▶ [EXERCISE PROMPT]: When you reproduce the data, keep every word exactly as it stands and leave the pictures out.

▶ [DATA EXTRACT]:

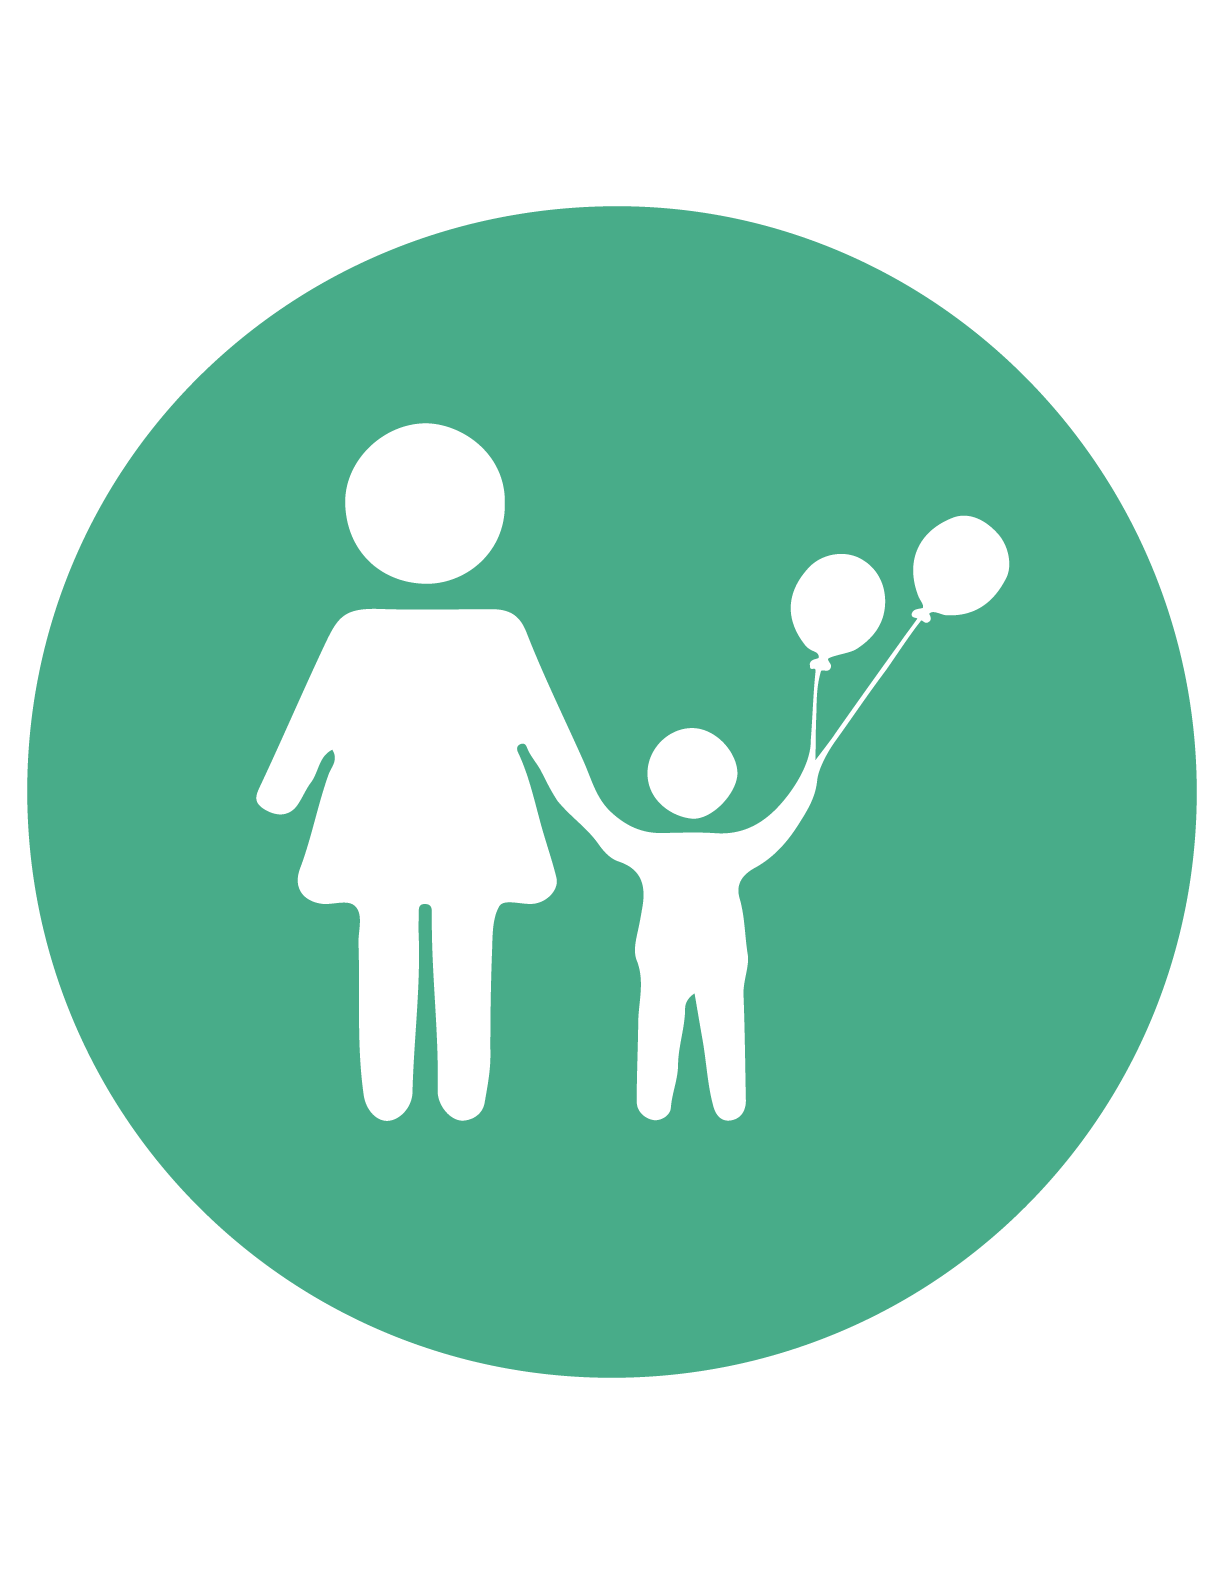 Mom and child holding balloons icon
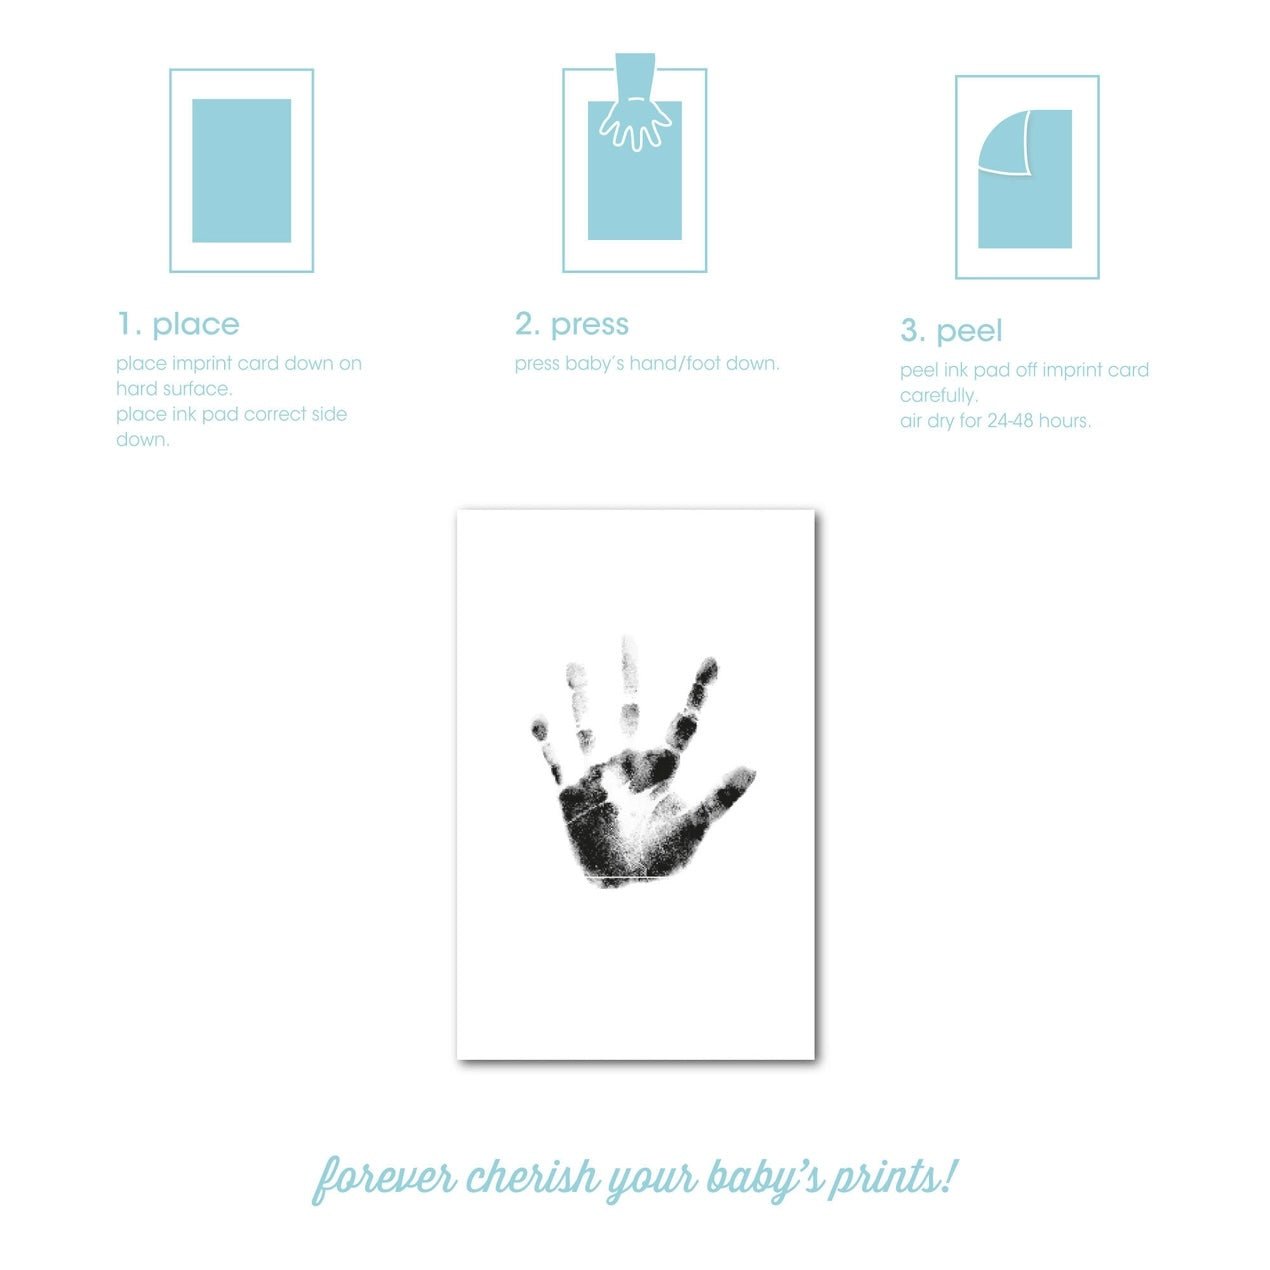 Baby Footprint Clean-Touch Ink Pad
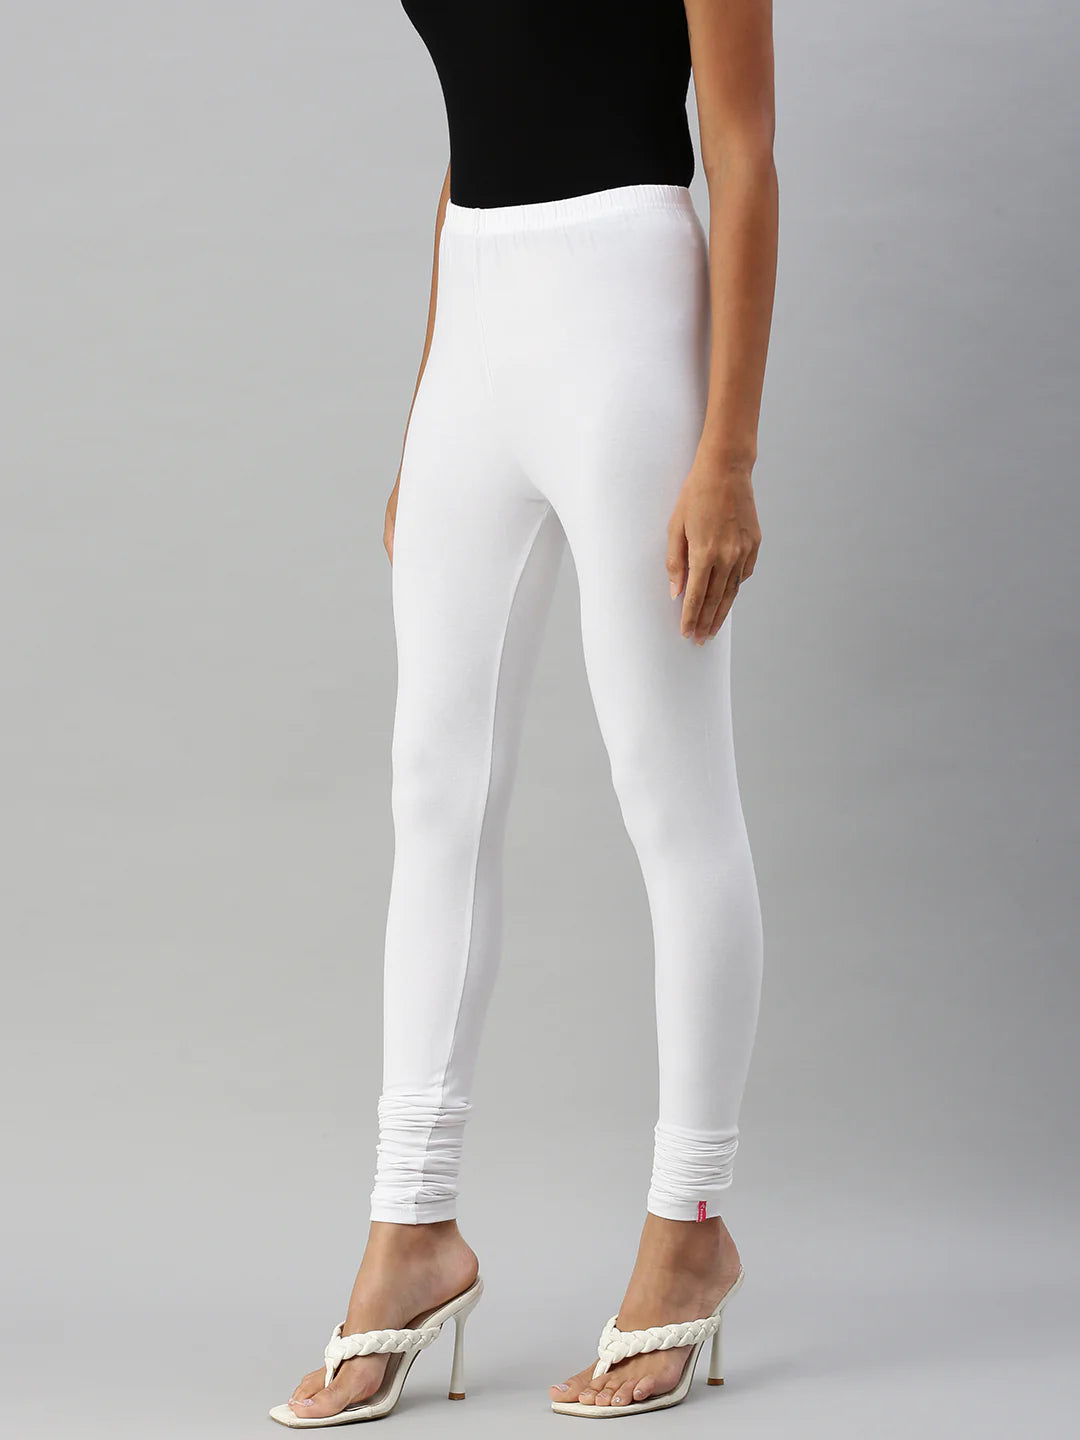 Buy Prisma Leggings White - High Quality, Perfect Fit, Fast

▶ [REPLY]:
 Mom and child holding balloons icon
 Baby Footprint Clean-Touch Ink Pad
 Buy Prisma Leggings White - High Quality, Perfect Fit, Fast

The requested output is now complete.